The covariance function $k(x,x’)$ is also called a kernel function. The common kernel function to model a Gaussian process is an exponential quadratic function represented as follows.

$ K(X_1,X_2)=\sigma^2 \left (-\frac{||X_1 - X_2||^2}{2l^2} \right )$
Initially, the covariance function is computed from the hyperparameter values $\sigma$, representing the variance in the model, and $l$, which also represents the length scale. $X_1$ and $X_2$ are input variables for 2D search space. The covariance (kernel) function can be implemented in MATLAB code as given below.

% For 1-D
function f = kernel_x(X,l,sig_var)
    distance = squareform(pdist(X));
    f = sig_var*exp(-distance.^2./(2*l^2));
end

% For 2-D
function f = kernel_xy(x, y, l, sigma)
    distance = pdist2(x,y);
    f= sigma*exp(-distance.^2./(2*l^2));
end

The next step involves the implementation of the acquisition function. There are a number of acquisition functions. For this demo, expected improvement is selected.

Acquisition Function

$\text{EI}(x;\xi) = \begin{cases} \left(f(x^\star) - \mu(x) - \xi\right) \Phi\left(\frac{f(x^\star) - \mu(x)-\xi}{\sigma(x)}\right) + \sigma(x) \phi\left(\frac{f(x^\star) - \mu(x) -\xi}{\sigma(x)}\right) , & \quad \sigma(x) > 0 \\ 0, & \quad \sigma(x) \leq 0 \end{cases}$ where,
EI $\rightarrow$ expected improvement
$\xi$ $\rightarrow$ exploration-exploitation tradeoff parameter
$\phi$ $\rightarrow$ normal probability distribution function
$\Phi$ $\rightarrow$ normal cumulative distribution function
$\sigma$ $\rightarrow$ expected mean uncertainty
$f(x^*)$ $\rightarrow$ optimum value found so far

The above equation can be written in compact form $EI(z) = \begin{cases} \sigma(x) \left( z \Phi\left( z \right) + \phi\left(z\right) \right) , & \quad \sigma(x) > 0 \\ 0, & \quad \sigma(x) \leq 0 \end{cases}$

where
$z = \frac{d}{\sigma(x)}$
$d=f(x^\star) - \mu(x)-\xi $

MATLAB implementation:

function [EI,phi,PHI,z,idx] = aqufun(ytrain, mu, stdv,i)
    % Exploration-exploitation parameter (greek letter, xi)
    % High xi = more exploration
    % Low xi = more exploitation (can be < 0)
    if(i==1)
        xi = -0.2;
    else
        xi=0.02;
    end
    [f_star,idx]=min(ytrain);
    d = f_star- mu - xi; % (f* - y) if minimiziation
    z = d./stdv;
    phi = normpdf(z);
    PHI = normcdf(z);

    EI = (stdv ~= 0).*(d.*PHI + stdv.*phi);
end

Model Update

The joint distribution of the training output, $f$, and test data output, $f_\star$, with noisy observation is described as follows:

\[\begin{bmatrix} y \\ f_\star\end{bmatrix} = \mathcal{N} \begin{pmatrix}0,\begin{bmatrix} K(X,X) + \sigma_n^2I & K(X,X_\star) \\ K(X_\star,X) & K(X_\star,X_\star) \end{bmatrix}\end{pmatrix}\]

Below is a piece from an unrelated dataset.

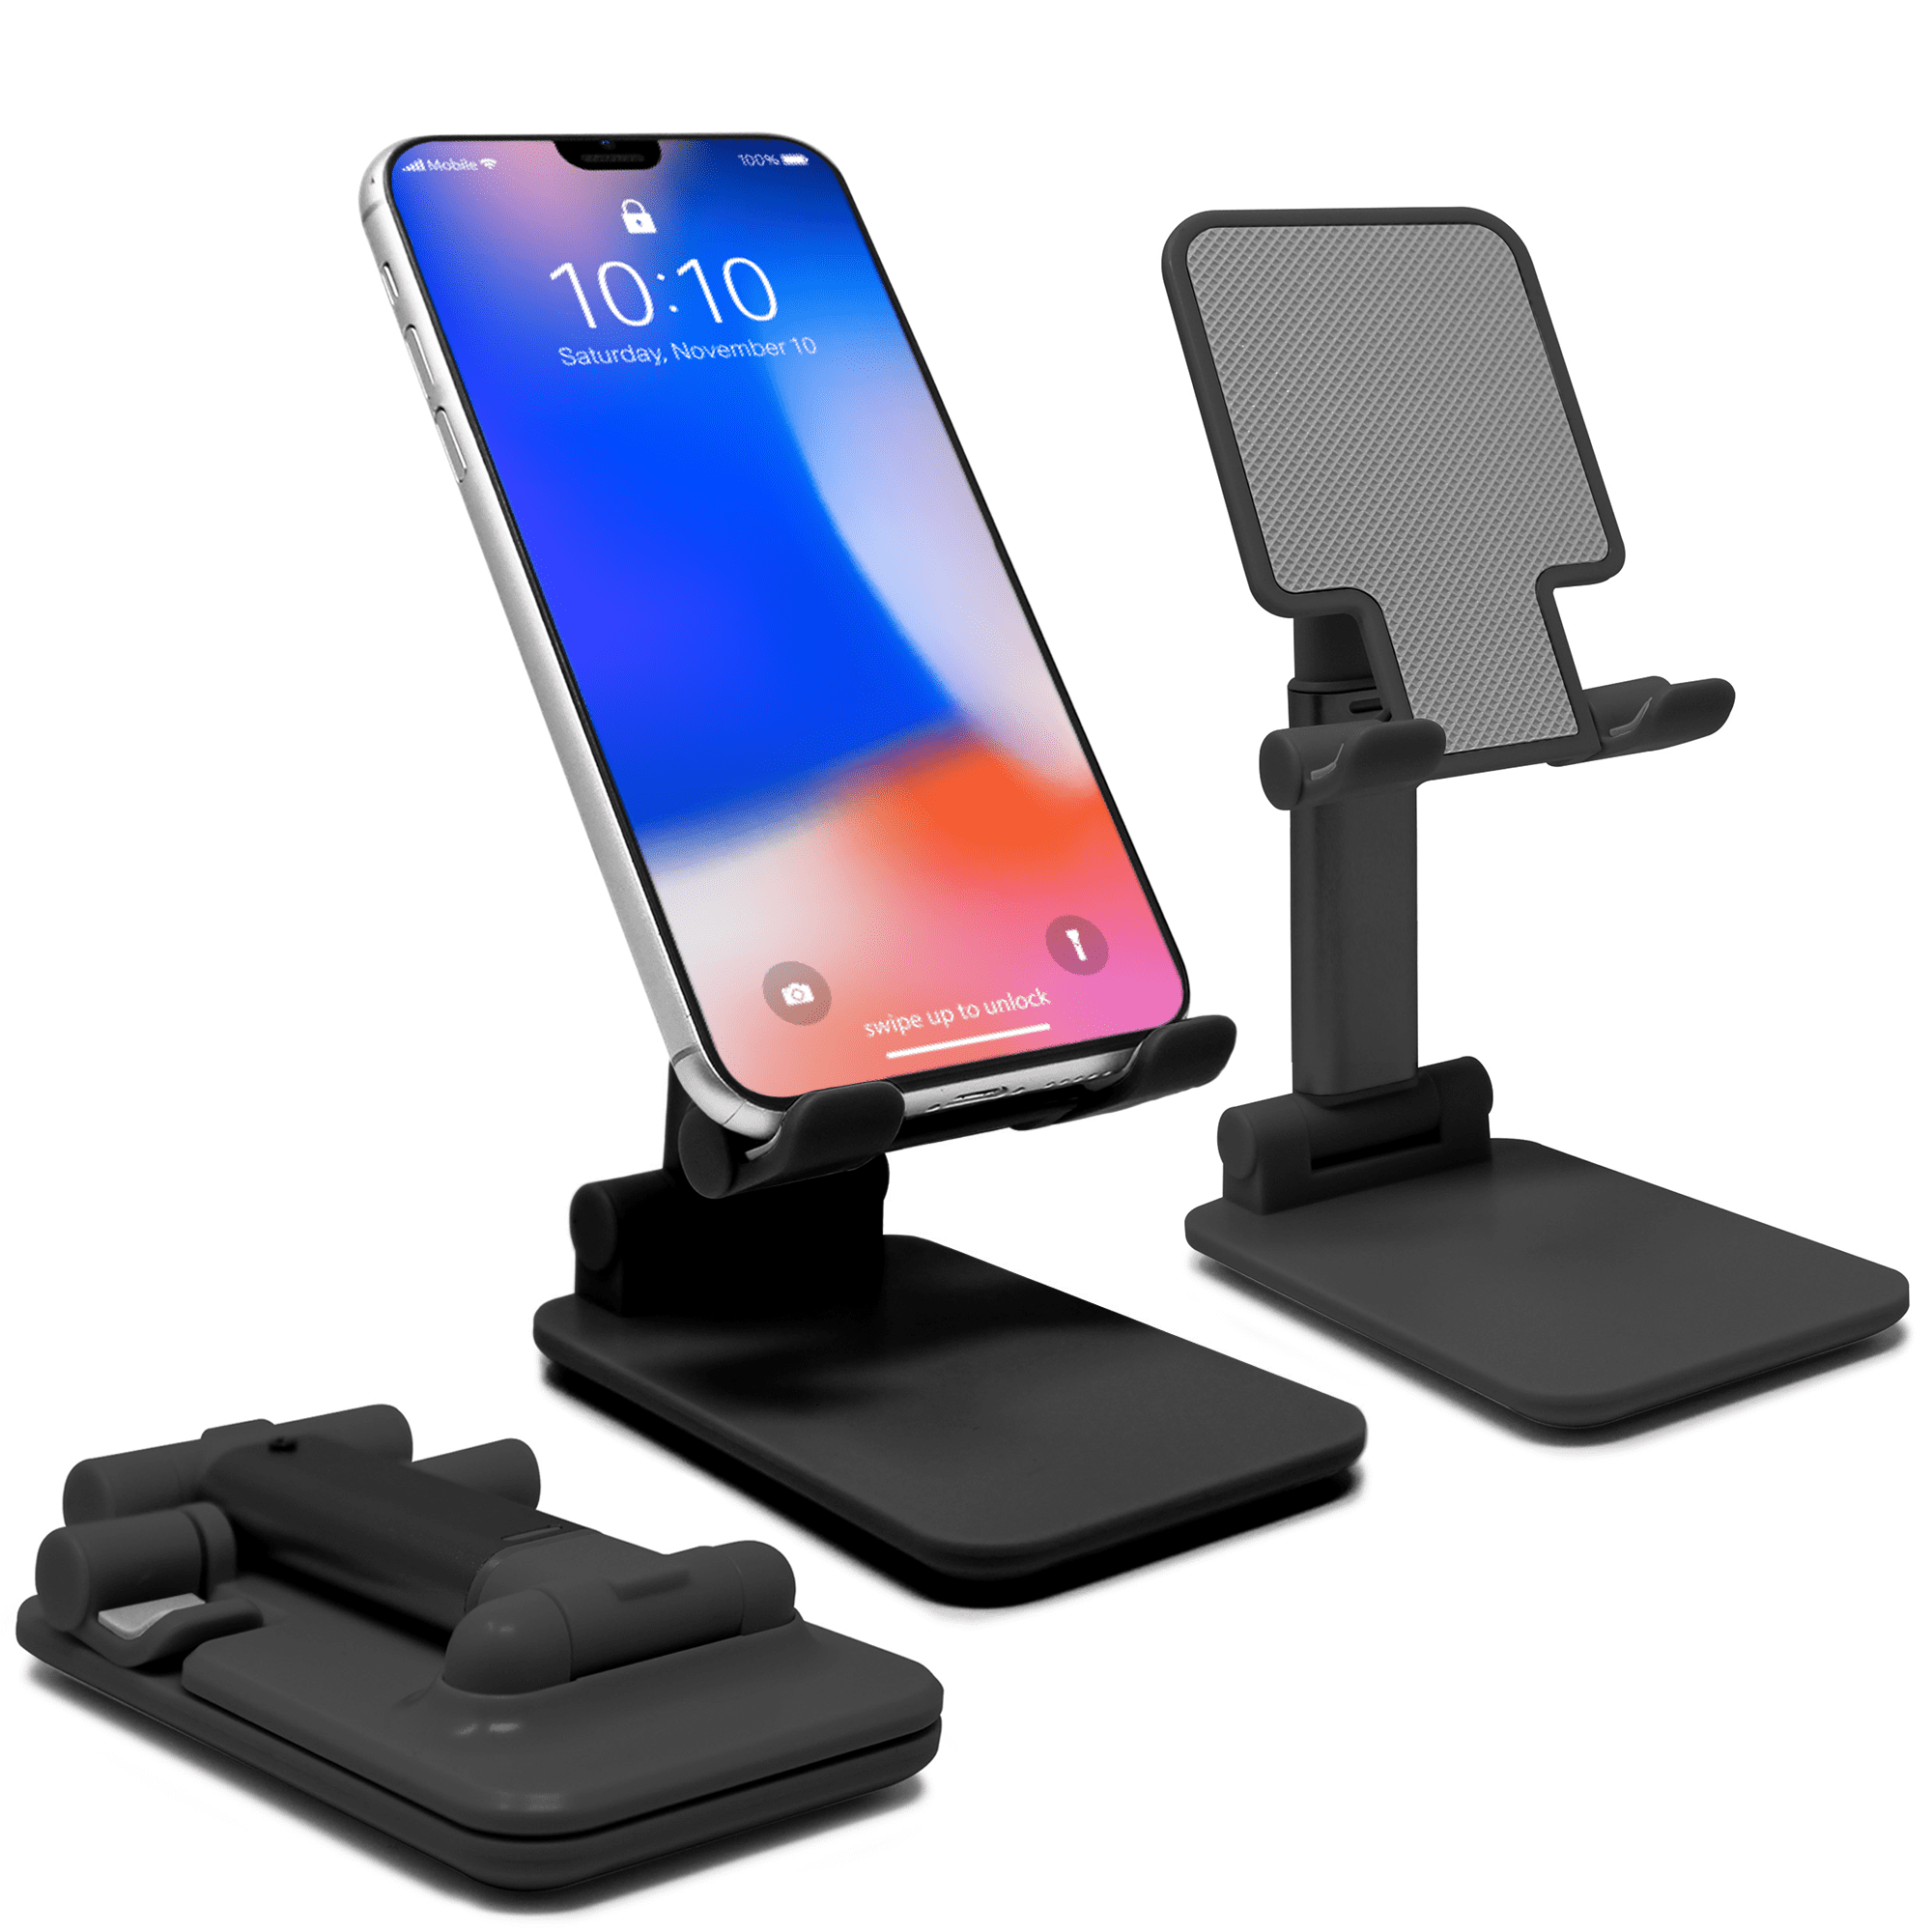 Compatible Phone XS/XR/8/8 Plus/7/7 Plus e-Reader Elimoons Phone Stand 2 Pack Multi-Angle Cell Phone Stand Tablet Stand Universal Smartphones for Holder Tablets 6-11 Galaxy S8/S7 Mini Black 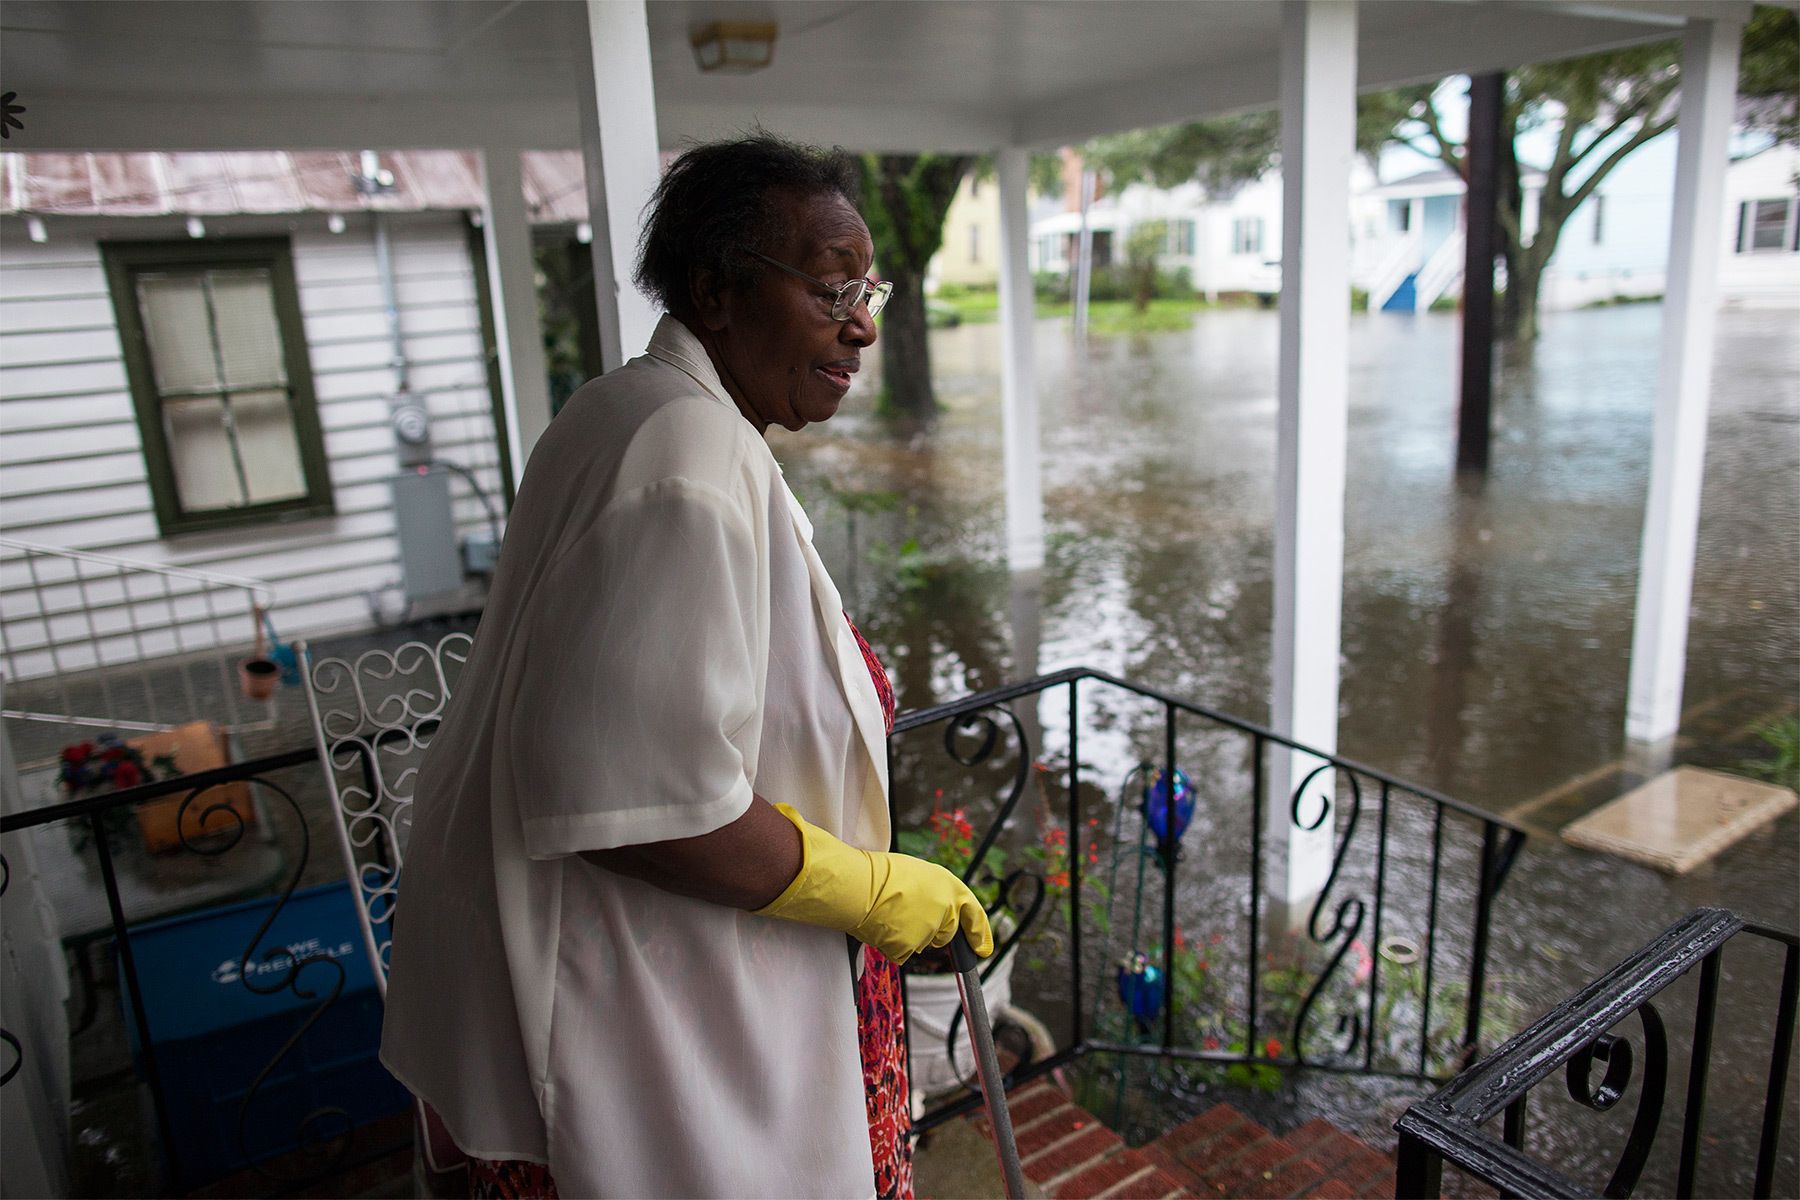 Ammie McKnight watches the level of flood waters in the front yard her Orange Street home in Georgetown, South Carolina October 4, 2015. Most major roads through the historical South Carolina city have closed due to flooding. Vast swaths of U.S. Southeast and mid-Atlantic states were grappling with heavy rains and flooding from a separate weather system which has already caused at least five deaths, washed out roads and prompted evacuations and flash flood warnings. REUTERS/Randall Hill

A conditional probability is applied to obtain the posterior distribution over a function that agrees with the observed data points.

\[f_\star|X,y,X_\star \sim \mathcal{N}(\bar{f_\star}, cov(f_\star)),\]

where
$\bar{f_\star} \overset{\Delta}{=} \mathbb{E}[f_\star|X,y,X_\star] = K(X_\star,X)[K(X,X) + \sigma_n^2I]^{-1}y \\ cov(f_\star) = K(X_\star,X_\star) - K(X_\star,X)[K(X,X)+\sigma_n^2I]^{-1}K(X,X_\star)$

The MATLAB Implementation :

function[mu,cov,stdv] = GP(xtrain, ytrain,xtest, l, sig_var, noise_var)
    n_t = length(xtrain);
    K_ss = kernel_xy(xtest,xtest,l,sig_var);
    K    = kernel_xy(xtrain,xtrain,l,sig_var);
    L    = chol(K + noise_var*eye(n_t),'lower');
    K_s  = kernel_xy(xtrain,xtest,l,sig_var);
    alpha = L'\(L\ytrain);
    mu = K_s'*alpha;
    v = L\K_s;
    cov = K_ss - v'*v;
    stdv = sqrt(diag(cov));

end

Full MATLAB Code

For this demonstration, observation values are sampled from a sine function. Consequently, the objective function is expected to approximate a sine wave as the number of observations increases.

close all
clc
l = 1;
sig_var = 1;
xtrain = [-4,-3, -2, -1, 1]';
noise = 0.2;
ytrain = sin(xtrain);

% "Test" data ( what we want to estimate/ interpolate)
n_s = 500;
xtest = transpose(linspace(-5,5,n_s));
% Create plot 
figure(1)
set(gcf, 'WindowState', 'maximized');
for i=1:10
    [mu,cov,stdv]=GP(xtrain,ytrain,xtest,l,sig_var,0);
    stdv = real(stdv);
    [EI, phi, PHI, z, idx] = aqufun(ytrain, mu, stdv,i);
    [eimax,posEI] = max(EI);
    xEI = xtest(posEI,:);
    xtrain(end+1,:) = xEI;               % Save xEI as next
    ytrain(end+1) = sin(xEI);

    f_above = mu+2*stdv;
    f_below = mu-2*stdv;
    xx = xtest;
    if(i==1)
        test_pos =205;
    else
        test_pos = posEI;%205;
    end
    ypdf = normpdf(xtest);
    ycdf = normcdf(xtest);
    ff = [f_below; flip(f_above,1)];
    subplot(211)
    fill([xx;flip(xx,1)],ff,[7 7 7]/8)
    ylim([-4 4]);
    xlim([-5 5]);
    hold on
    plot(xtest,sin(xtest),'-b','LineWidth',2)
    scatter(xtrain,ytrain,'blue','filled','diamond')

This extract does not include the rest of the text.